**Your instructions**
Give back the whole listing word for word and skip each picture.
··· Given material ···
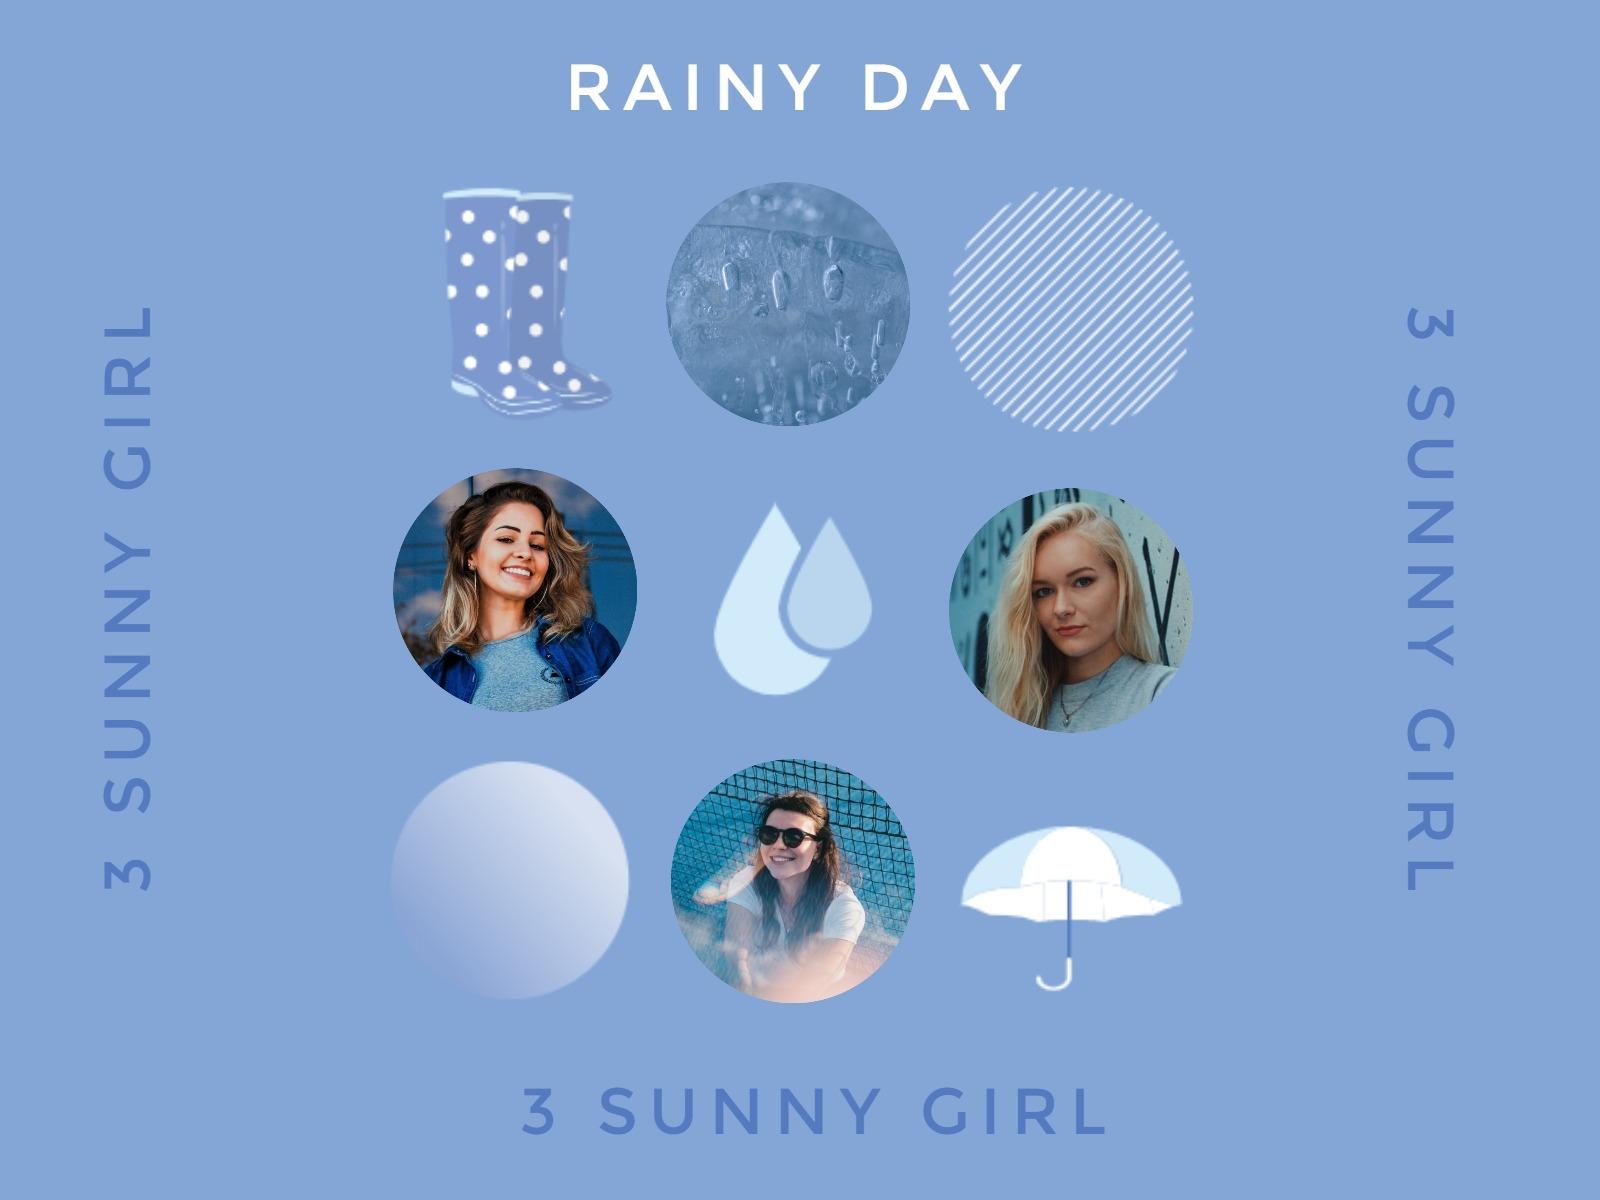 rainy3_wl_20200116
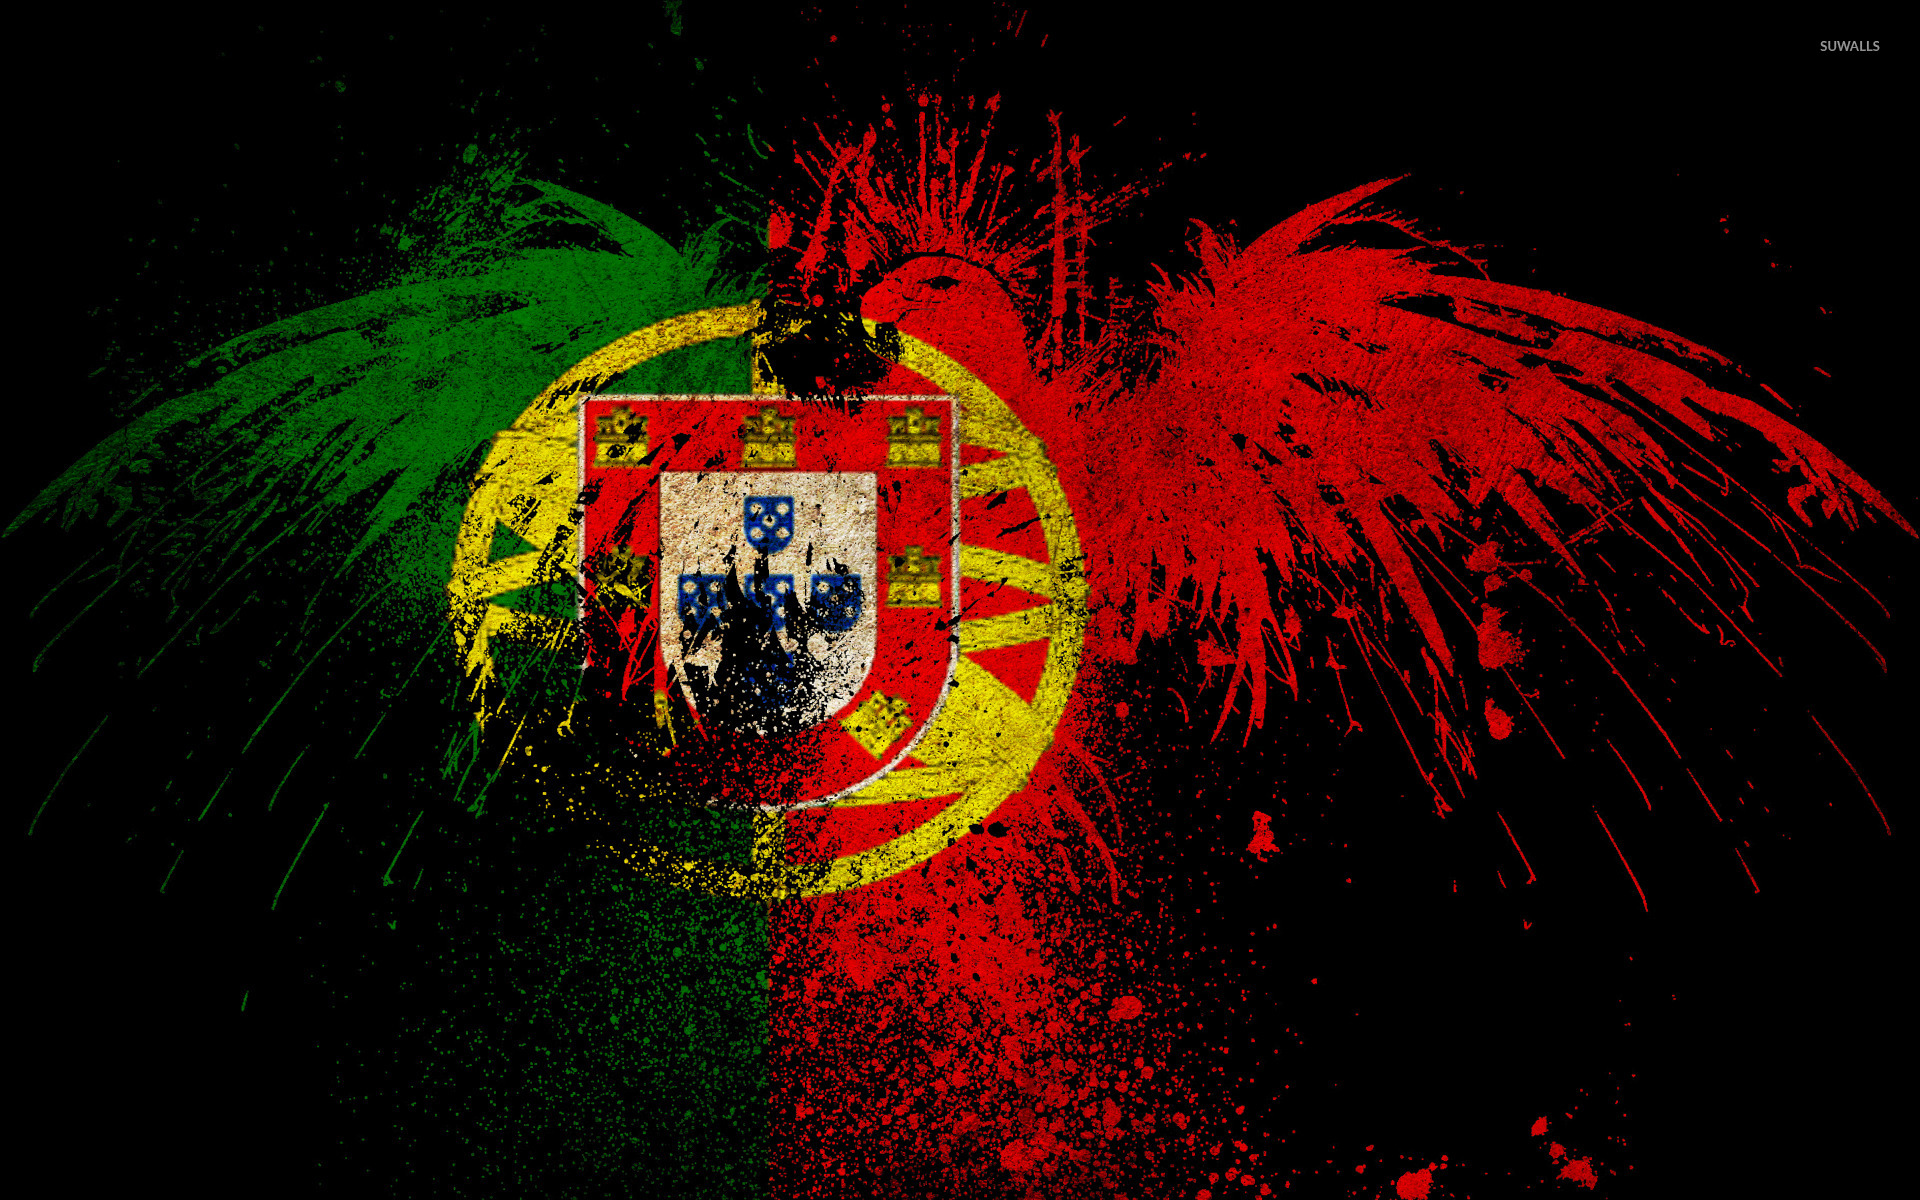 portugal wallpaper - photo #36
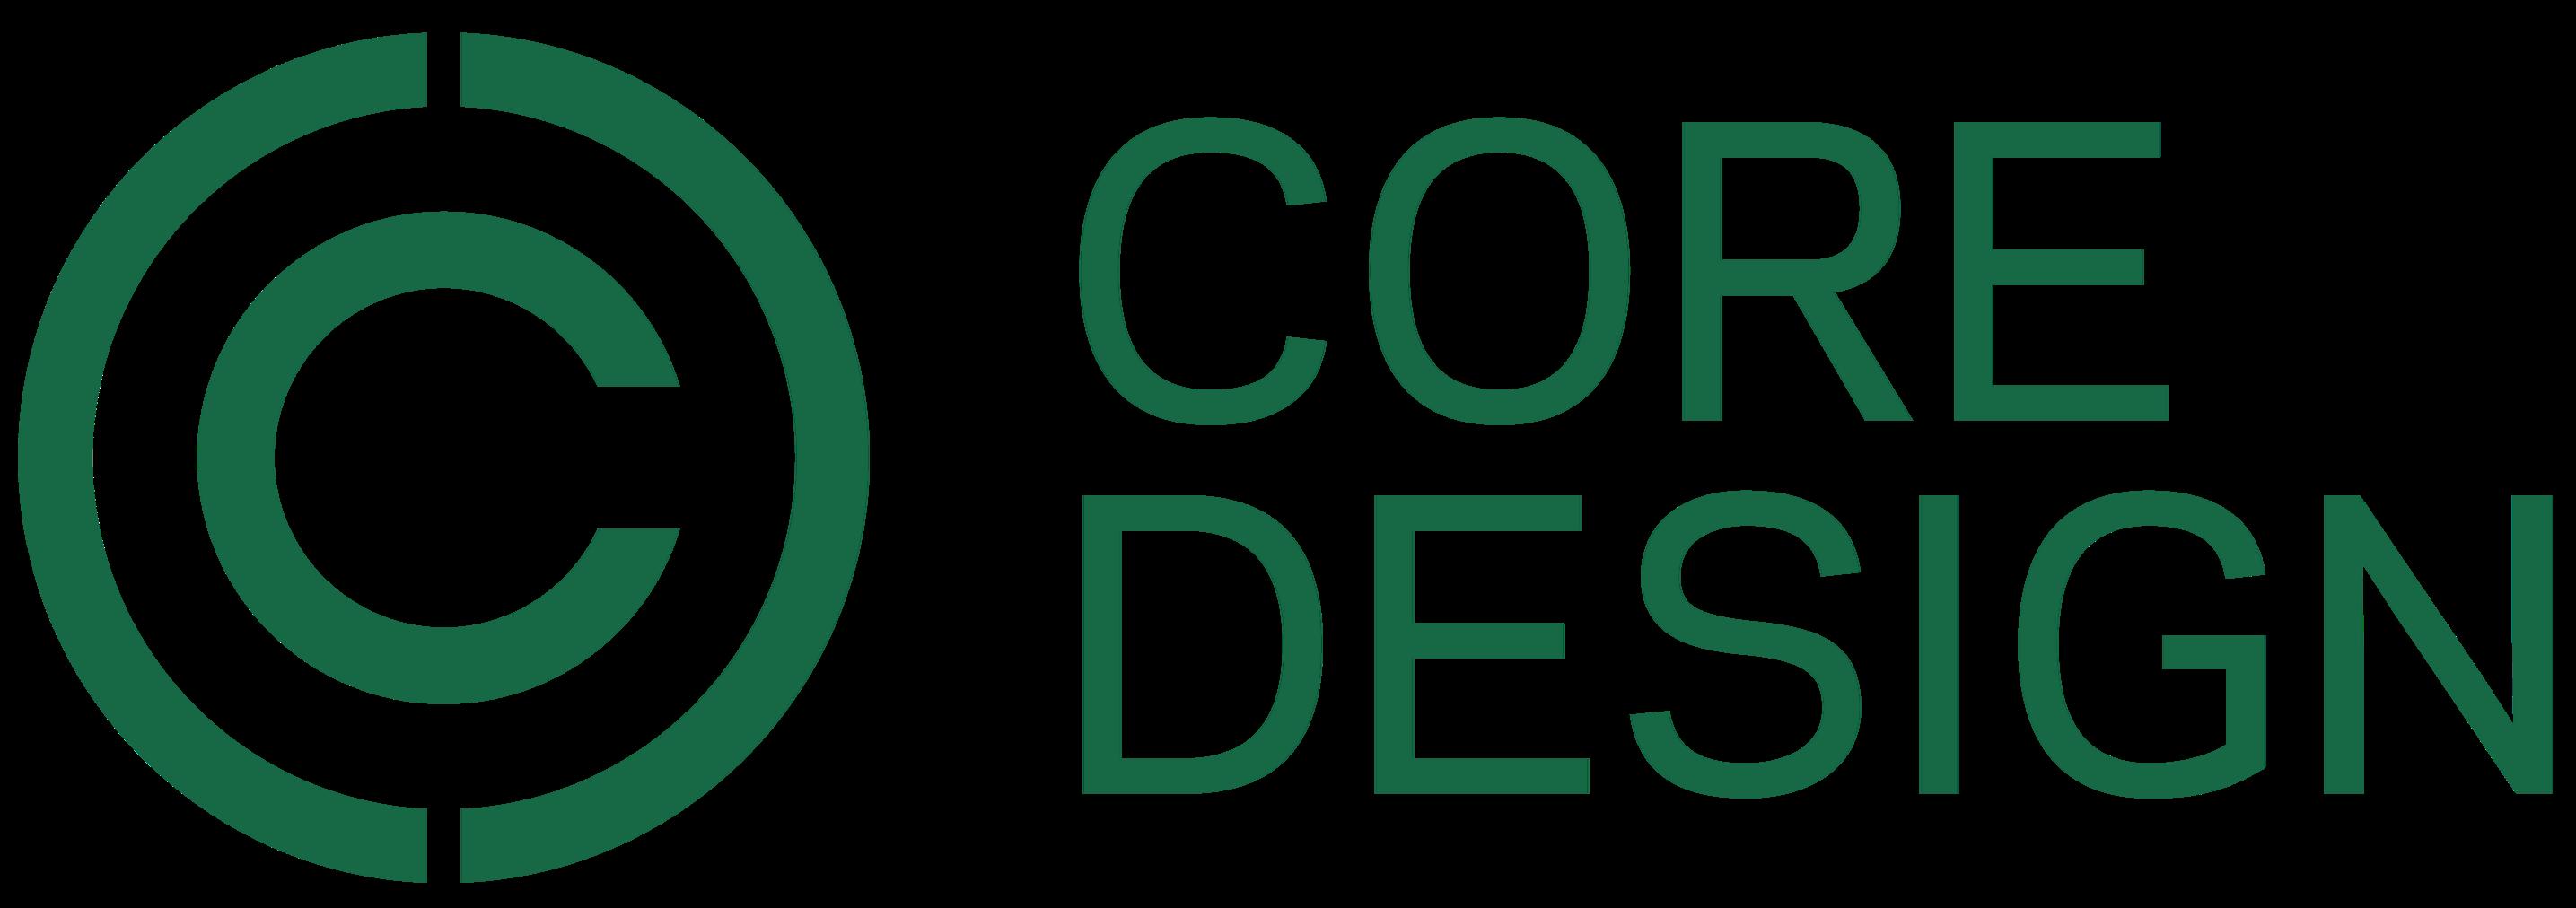 Coredesign
···
**Written response**
 rainy3_wl_20200116
 portugal wallpaper - photo #36
 Coredesign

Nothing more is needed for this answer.